According to the analysis of the current application situation of the medicine, whether the symptom is improved or the disease development is inhibited, the prevention of the occurrence of the disease or the treatment of the parkinsonism are all the requirements of clinical treatment.
Disclosure of Invention
The present invention aims to solve at least one of the technical problems existing in the prior art. Therefore, the invention provides application of a pyran compound in preparing a medicament for preventing and/or treating parkinsonism.
The invention also provides application of the pyran compound in preparing a medicament for preventing and/or treating dopaminergic neuron injury.
The invention also provides application of the pyran compound in preparing a medicament for preventing and/or treating related diseases induced by alpha-synuclein.
The invention also provides a pharmaceutical composition for preventing and/or treating parkinsonism.

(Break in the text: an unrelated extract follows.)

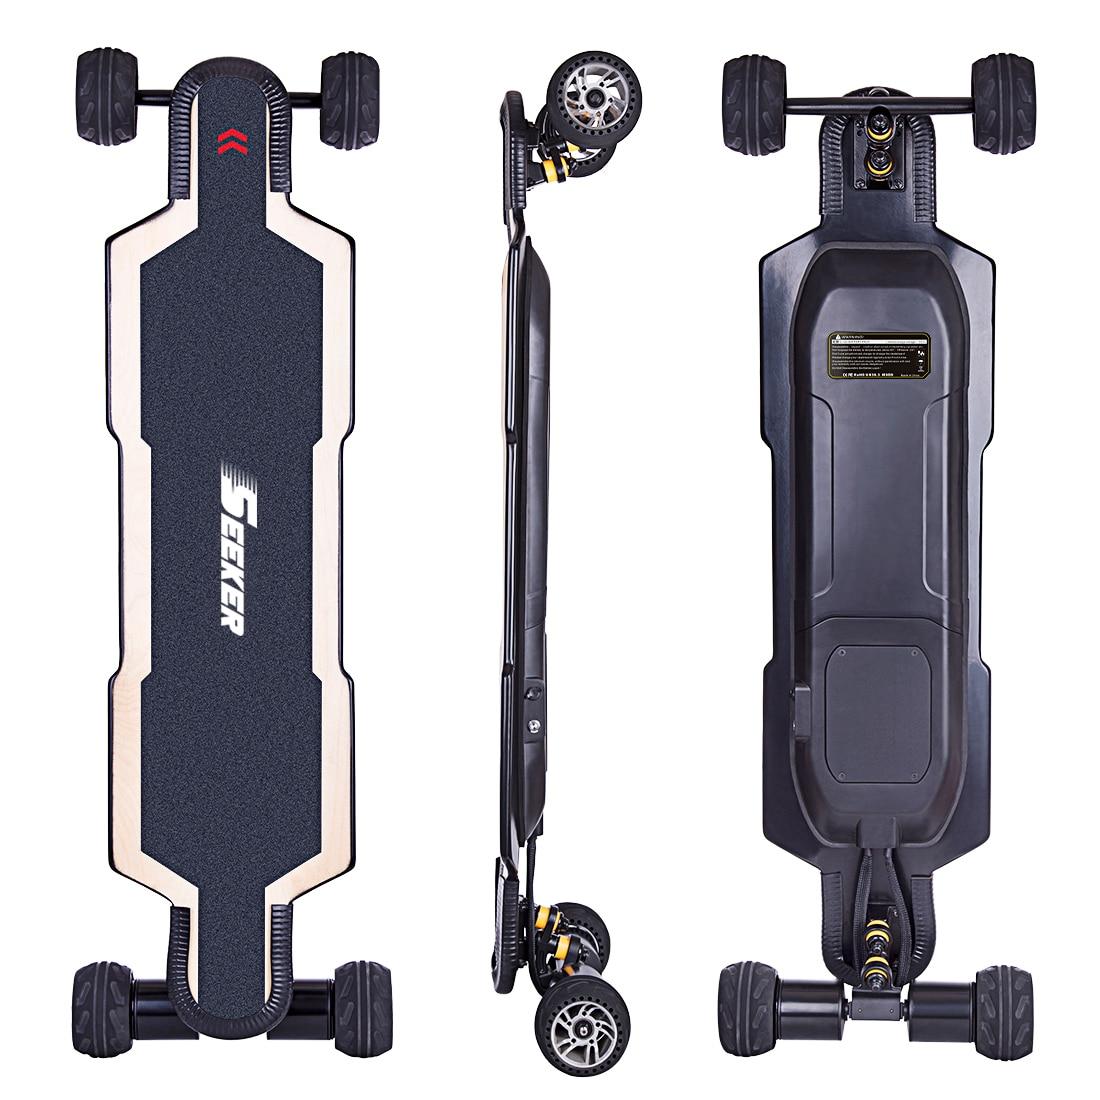 New Hot SEEKERS BRT-02 4-Wheel Electric Skateboard - AU Plug

The pyran compound according to the first aspect of the present invention is used for preparing a medicament for preventing and/or treating parkinson's disease, and the pyran compound has a structural formula shown in formula i:
wherein n is 0 or 1;
R 1 selected from H, C 1~6 Alkyl, halogen, C 1~6 Alkoxy, C 1~6 A haloalkyl group of (2);
R 2 selected from H, C 1~6 Alkyl, phenyl;
R 3 selected from H, halogen, C 1~6 Alkoxy groups of (a).
The application according to the embodiment of the invention has at least the following beneficial effects:
the invention discovers that the pyran compound has antioxidant activity, can effectively reduce the ROS level of transgenic nematode NL5901, can effectively reduce the accumulation of alpha-synuclein and save the degeneration of dopamine neurons induced by 6-OHDA, has a therapeutic effect on nematodes in a Parkinson disease model, has a protective effect on neurons, and can be used for preventing and/or treating Parkinson disease.

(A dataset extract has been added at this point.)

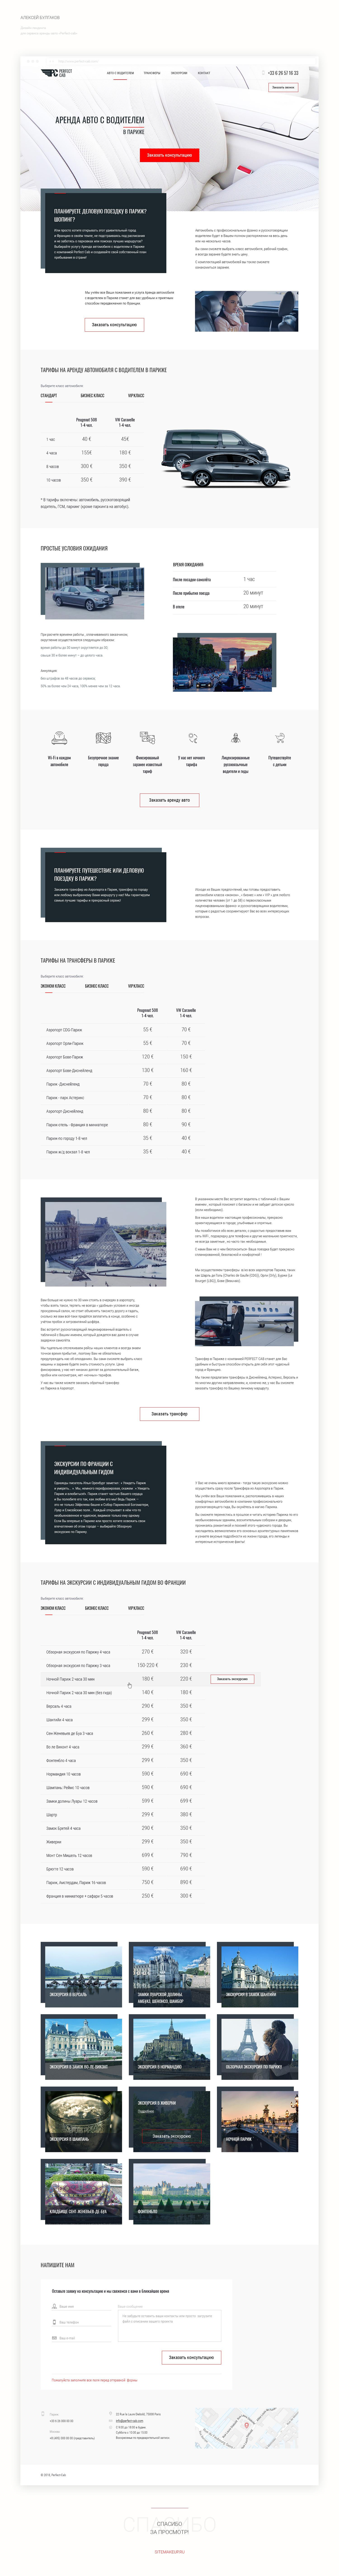 Дизайн лендинга для сервиса аренды авто «Perfect-cab»
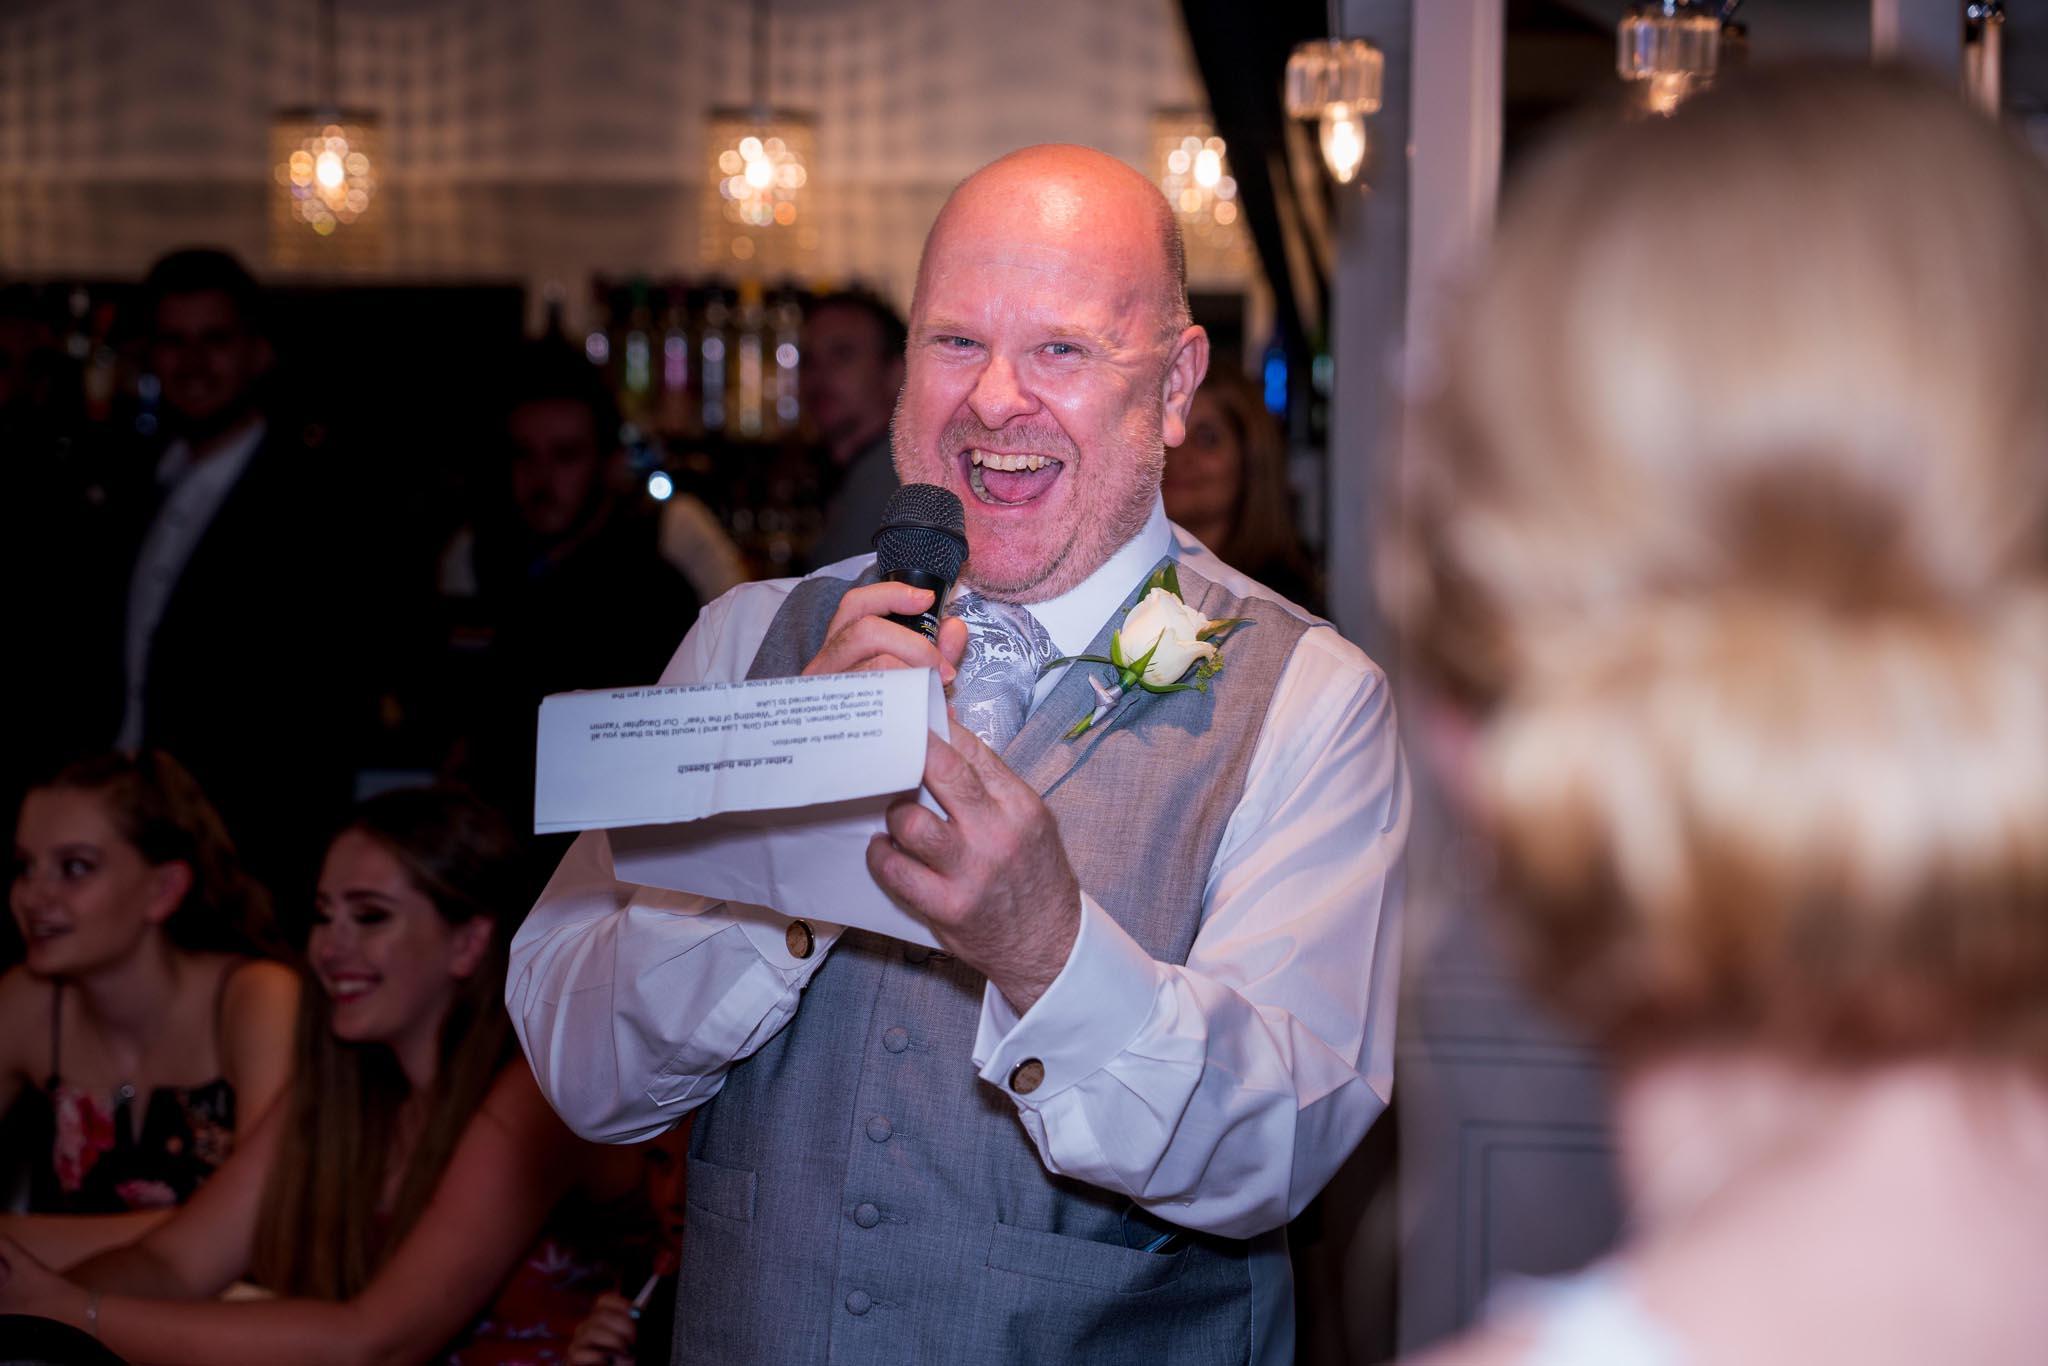 881-Speeches-Luke-Yasmin-The-Rayleigh-Club-Wedding-Photography.jpg

According to some embodiments of the invention, R 1 Selected from H, methyl, F, methoxy; r is R 3 Selected from H and halogen.
According to some embodiments of the invention, the pyran compound is selected from one of the following structural formulas:
according to some embodiments of the invention, the pyran compound may be obtained commercially or may be prepared with reference to patent CN113150006 a.

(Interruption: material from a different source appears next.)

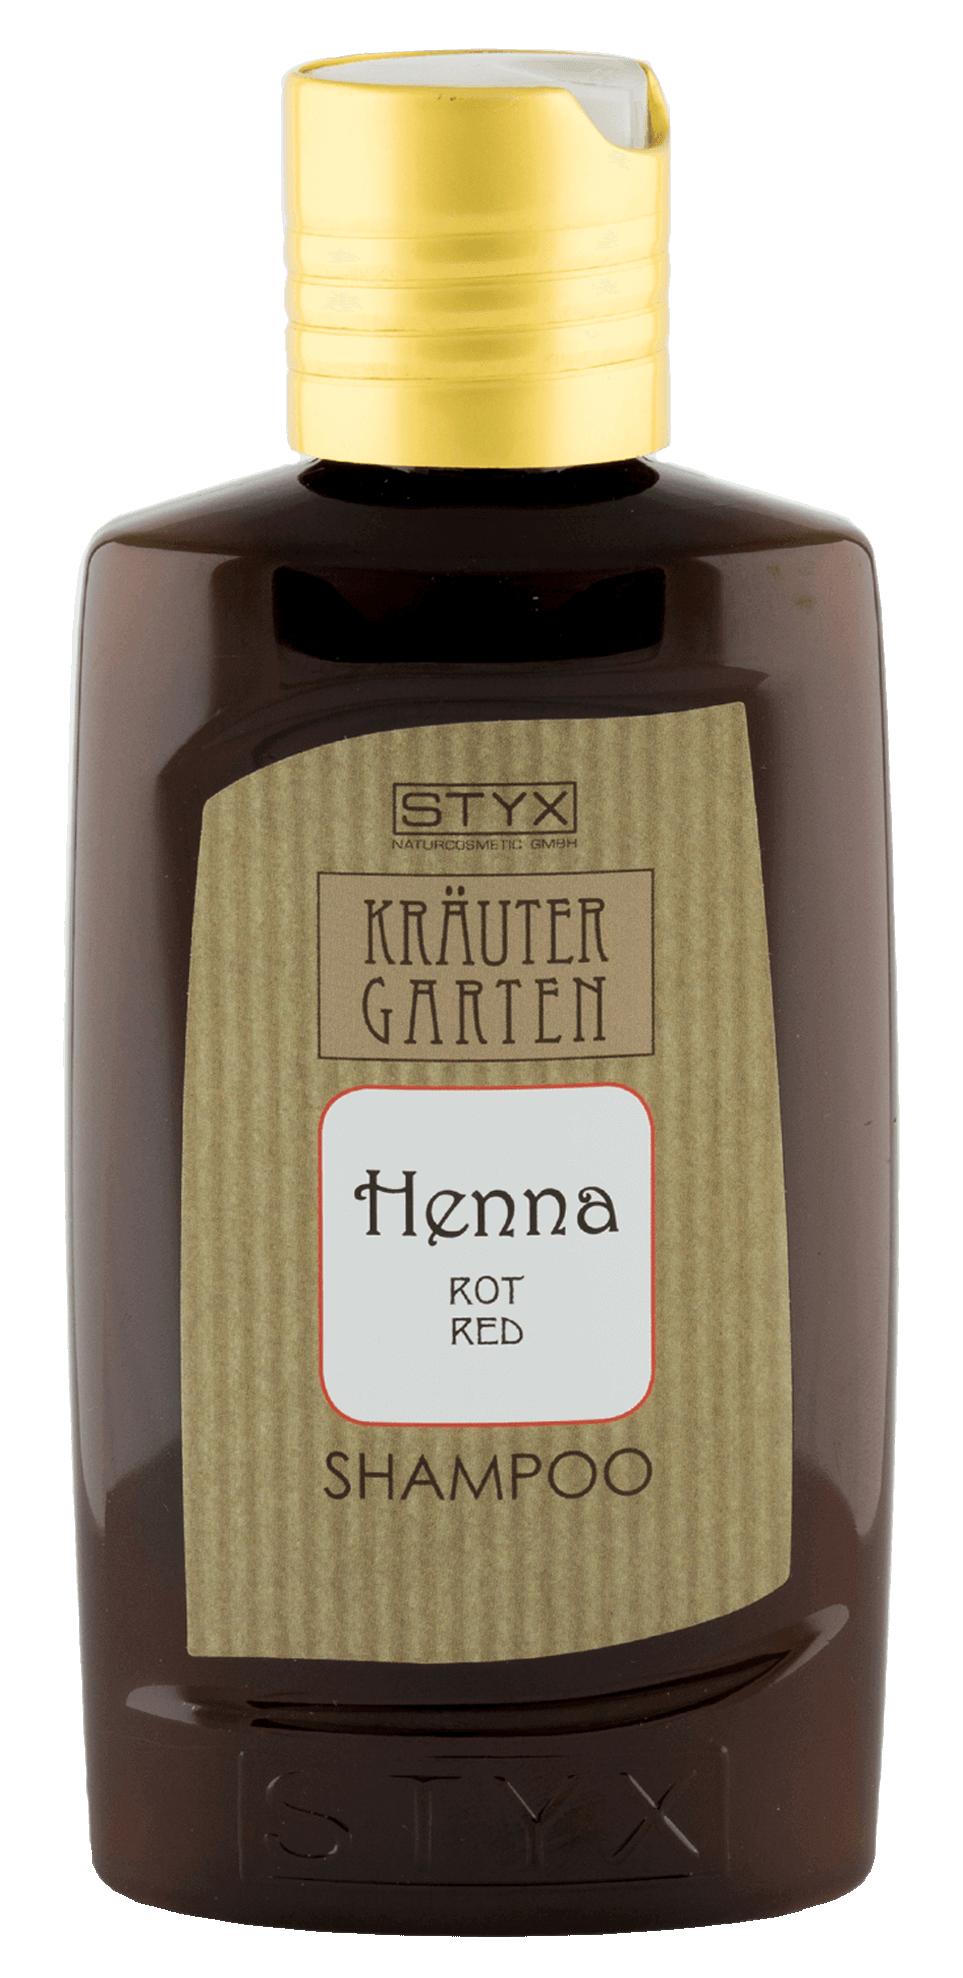 STYX NATURCOSMETIC Шампунь для волос Хенна, красный / KRAUTERGARTEN 200 мл фото

According to some embodiments of the invention, the parkinson's disease drug is for the treatment of α -synuclein-induced parkinson's disease.
According to some embodiments of the invention, the parkinson's disease drug is used to treat parkinson's disease caused by dopaminergic neuronal damage.
In a second aspect, the present invention provides a use of a pyran compound in the manufacture of a medicament for the prevention and/or treatment of dopaminergic neuronal damage.
In a third aspect, embodiments of the present invention provide for the use of a pyran compound in the manufacture of a medicament for the prevention and/or treatment of a disorder associated with the induction of alpha-synuclein.
In a fourth aspect, the present invention provides a pharmaceutical composition for preventing and/or treating parkinson's disease, comprising a prophylactically or therapeutically effective amount of a pyranoid compound, and a pharmaceutically acceptable adjuvant.
According to some embodiments of the invention, the adjuvant comprises at least one of a slow release agent, a filler, a binder, a wetting agent, a disintegrant, an adsorption carrier, an absorbent, a surfactant, or a lubricant.
According to some embodiments of the invention, the pharmaceutical composition is in a dosage form selected from at least one of a solution, suspension, emulsion, pill, tablet, capsule, powder or sustained release formulation.
Definitions and general terms
“C 1-6 Alkyl "of (C) represents an alkyl group having 1 to 6 total carbon atoms including C 1-6 Straight chain alkyl, C 1-6 Branched alkyl and C of (2) 3-6 For example, a straight-chain alkyl group having 1, 2, 3, 4, 5 or 6 carbon atoms, a branched-chain alkyl group having 1, 2, 3, 4, 5 or 6 carbon atoms, or a cycloalkyl group having 3, 4, 5 or 6 carbon atoms, and for example, a methyl group, ethyl group, n-propyl group, isopropyl group, n-butyl group, isobutyl group, tert-butyl group, n-pentyl group, isopentyl group, n-hexyl group, cyclopropyl group, methylcyclopropyl group, ethylcyclopropyl group, cyclopentyl group, methylcyclopentyl group, cyclohexyl group, or the like may be mentioned.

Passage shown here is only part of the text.